Em “Admirável mundo novo” a medicação soma é de uso obrigatório em todas as castas, e tem como objetivo bloquear emoções resultantes de situações estressantes, como dor, tristeza e raiva. Existem diferentes cores de soma destinadas a suprimir certas emoções ou ajudar em situações extremas, dependendo da dosagem. Nessa realidade ficcional distópica a droga permite que a sociedade tenha melhor controle sobre os cidadãos e suas castas, pois o soma ajuda a extrair qualquer senso de individualidade. Sem o soma as pessoas começariam a ter uma noção melhor de quem elas realmente são, e assim teriam a possibilidade de experimentar todas as emoções, sejam boas ou ruins.

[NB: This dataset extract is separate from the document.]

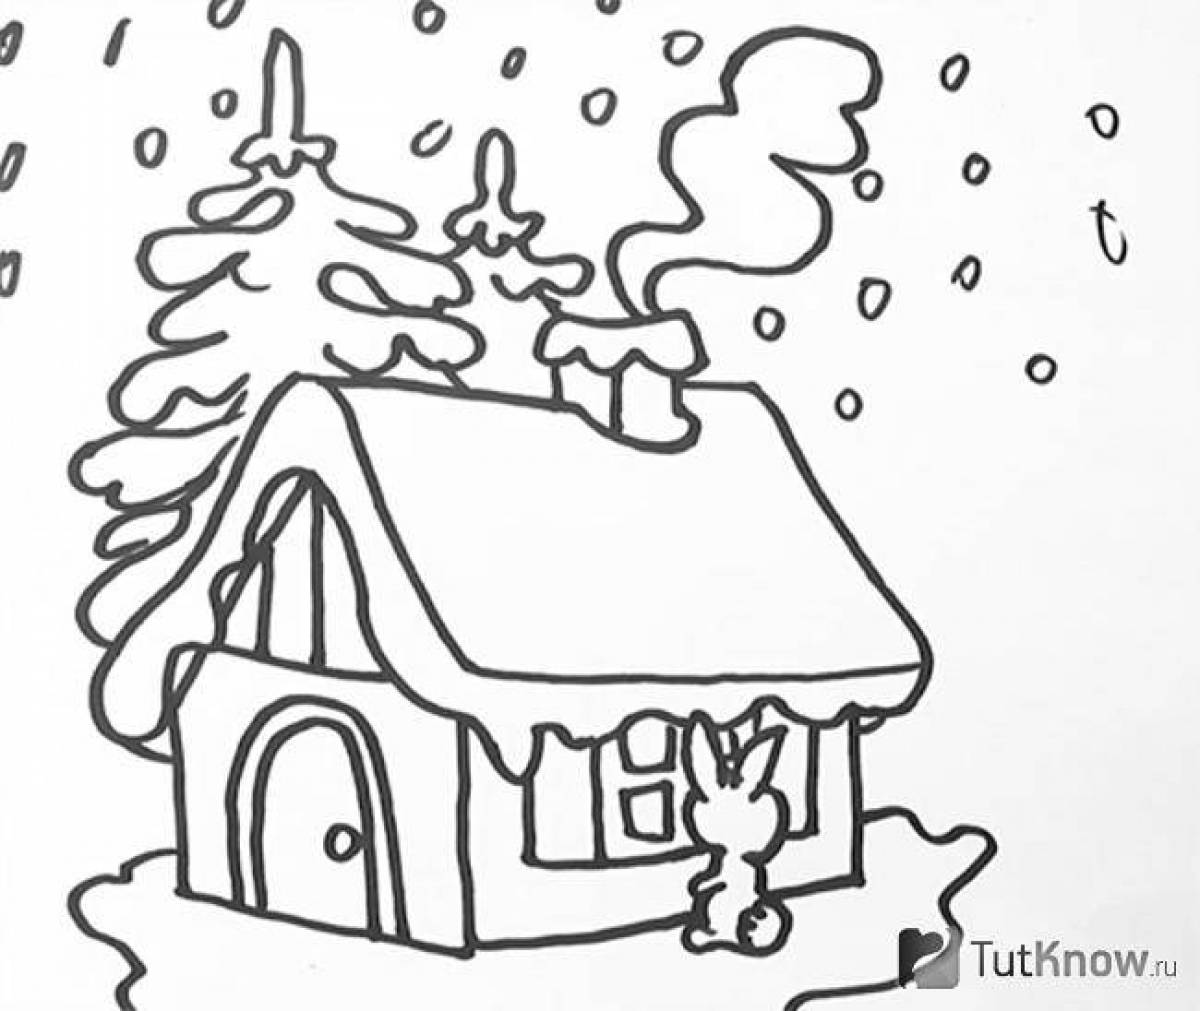 Coloring page playful winter house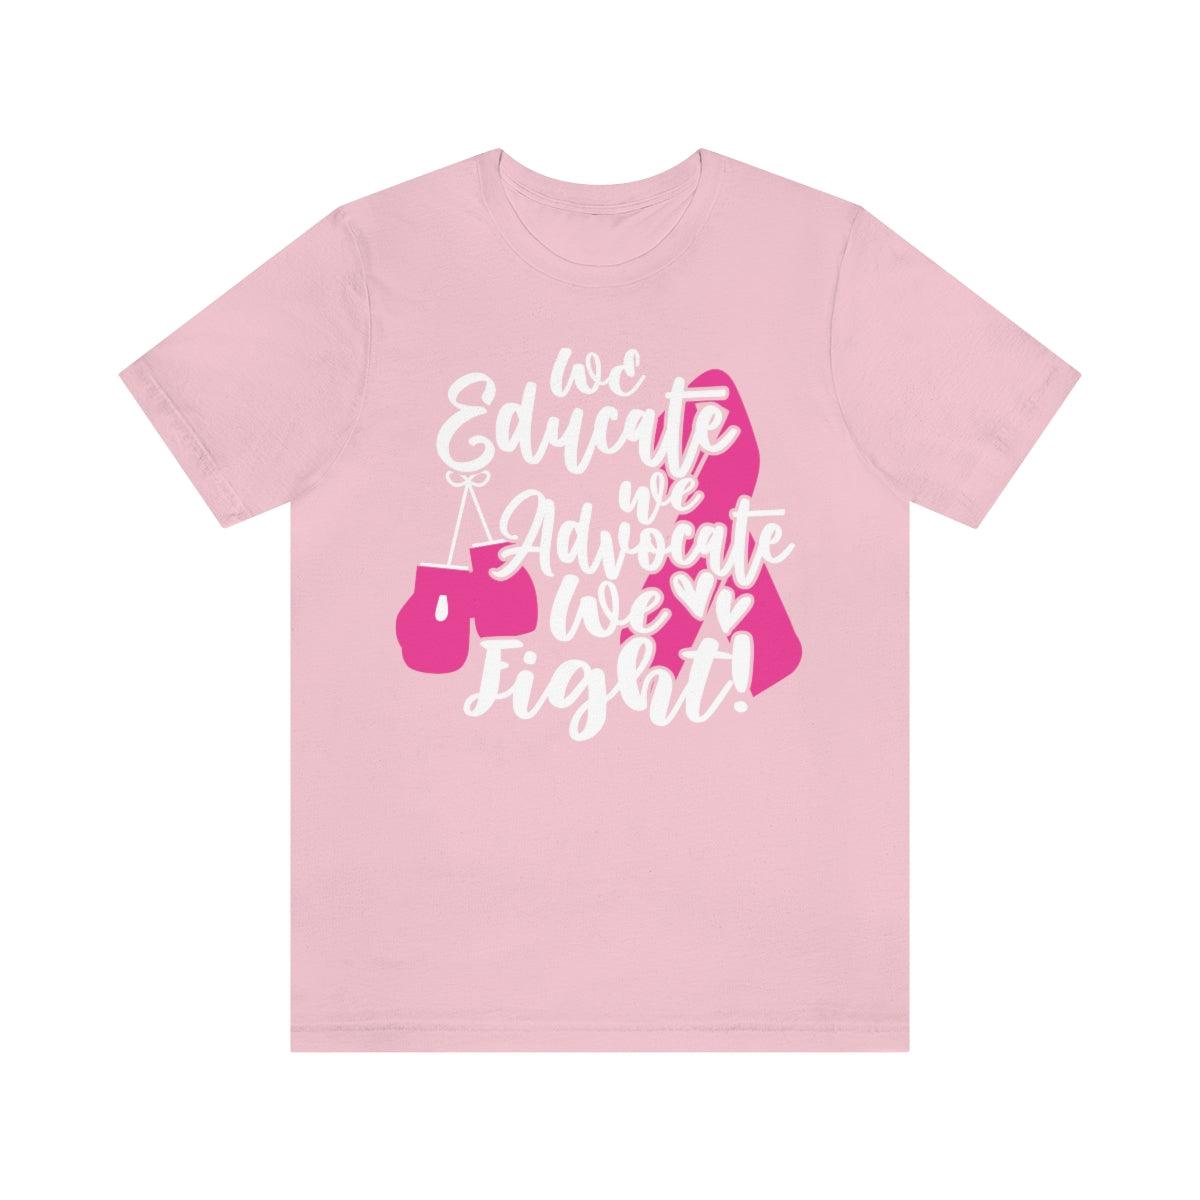 We educate. We advocate. We fight! Tee (Gloves) - Sharp Tact Kreativ | Tees & Gifts with Encouraging Messages to Brighten Your Day with a Bit of Wit

Para a Intra a estabilidade do poder absoluto e inquestionável seria muito difícil de ser alcançada. Por isso os líderes obrigam e incutem a ideia da importância de que cada um tome sua “dose diária de soma”, pois não querem que os sujeitos em questão sejam livres pensadores. Nesse contexto um personagem conhecido como “Selvagem” é contra o soma e incentiva as pessoas a jogarem fora a droga, experienciarem suas emoções e falarem livremente. Dessa forma, a evasão da medicação causa uma rebelião e uma queda no sistema autoritário de controle absoluto, dos corpos, das mentes e das emoções. Surge então a reflexão se as pessoas após conhecerem o mundo real e suas dores desejariam nunca ter parado de tomar sua “dose diária de soma”, mostrando as “facilidades” causadas pelo entorpecimento, apatia e desconhecimento do sofrimento. Fica a sensação que o autor mesmo em 1932 parecia prever o impacto que o vício em pílulas causaria na sociedade, sendo este um problema atual de saúde pública.
O resultado dessa anulação do sofrimento e da necessidade de entorpecimento gera um sentimento de apatia que acaba impedindo o indivíduo de encontrar novas formas de lidar com o mal-estar. Quando se supre a infelicidade corre-se o risco de não conseguir ressignificar essas experiências consideradas a priori como negativas, assim perde-se a oportunidade de atribuir novos significados a própria existência. É imprescindível vivenciar as experiências da vida, sejam elas boas ou ruins. A partir desse confronto subjetivo surge uma mobilização de esforço psíquico para a elaboração e assimilação do vivido. Com o trabalho de elaboração, respeitando o tempo necessário, torna-se possível lidar com o sofrimento como parte da vida. A necessidade de enfrentamento é crucial para que aja uma invenção criativa de outras normas de vida.
REFERÊNCIAS BIBLIOGRÁFICAS
Furtado MA, Szapiro AM. Novos dispositivos de subjetivação: o mal estar na cultura contemporânea. Rev. Polis e Psique, 2015; 5(3):166-185.
Happiness. A film by Steve Cutts.
HUXLEY, Aldous. Admirável Mundo Novo. 21. São Paulo: Editora Globo, 2001.